Se decidió. -¡No, ya no! –dijo con rabia. Y salió corriendo. Él se sorprendió y frunció el ceño con extrañeza al ver que ella dejaba la habitación desesperada. Suspiró y a zancadas fue a darle el alcance para ver qué era lo que pasaba. Bajó las escaleras y no la ubicó. -¿Elizabeth? –llamó- Vamos, cariño, debes regresar, los niños te pueden ver así y no queremos traumarlos. Amor… Caminó por la sala, por el pasillo y llegó a la cocina. Uno de los cajones estaba abierto y su contenido desordenado. Odiaba las cosas desordenadas e iba a acomodarlo cuando se quedó sin aire, sintió algo frío y como un algo extraño que ingresaba dolorosamente… -Ahora vas a pegarme el doble, amor… -espetó colérica la voz de ella a sus espaldas. Elizabeth había atestado el cuchillo de cocina en la espalda de él y hubiese seguido dando puñaladas inciertas si un grito no la hubiese asustado y detenido. En la puerta de la cocina estaba Conny, la madre de Mireya. Diario de una comunicadora


-¡Oh Dios! –exclamó la mujer. Elizabeth abrió los ojos de par en par y soltó el objeto. Retrocedió a medida que comenzaba a negar con la cabeza. Miró a Raúl y vio que estaba arrodillado sobre el piso jadeando. -¿Johanna? –musitó llorosa. -Se ha quedado en el carro… no iba a bajar hasta llamarla… ¡Una ambulancia, señor! –gritó Conny. Elizabeth vio todo en cámara lenta.
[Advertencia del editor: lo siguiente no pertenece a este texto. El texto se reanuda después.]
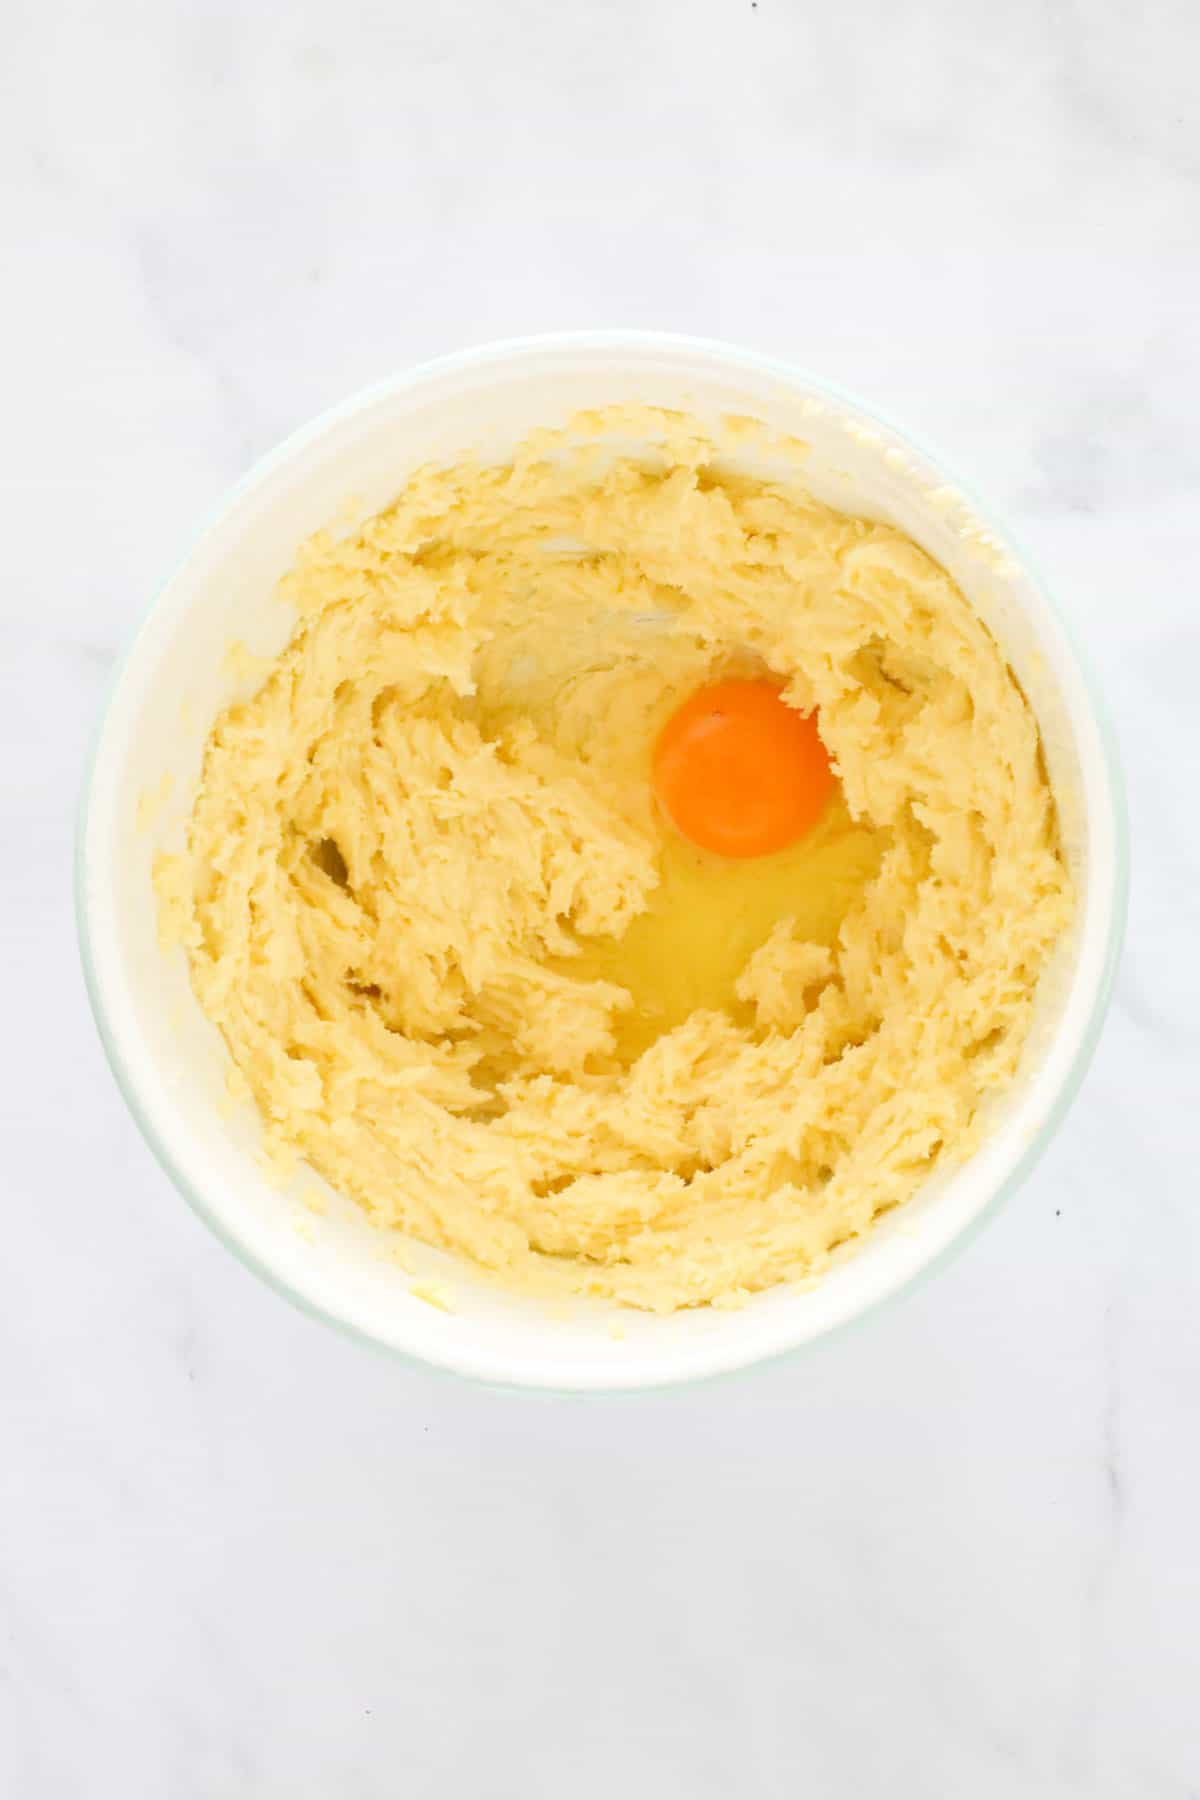 An egg added to creamed butter and sugar.

Conny llamando, los paramédicos acudiendo, atendiendo a Raúl, interrogando a Conny, llevándosela a ella… de pronto estaba frente a los policías… no podía decir nada, no podía hablar… -Señora ¿va a contestar? -Yo… él debía morir… va a volver a golpearme… va a volver a golpearme… El tiempo pasó. Ella estuvo en prisión y se sintió tranquila y en paz. Con los años recibió tratamiento psicológico. Sus hijos fueron a vivir con sus padres y al terminar su condena y volver a ver el mundo, fue como haber nacido por segunda vez. Elizabeth decía que era una mujer maravillosa y fuerte, pero era consciente de que aún tenía miedo. Cuando le tocó preguntar sobre Raúl supo que éste había tenido un destino parecido al de ella y que aún estaba en rehabilitación.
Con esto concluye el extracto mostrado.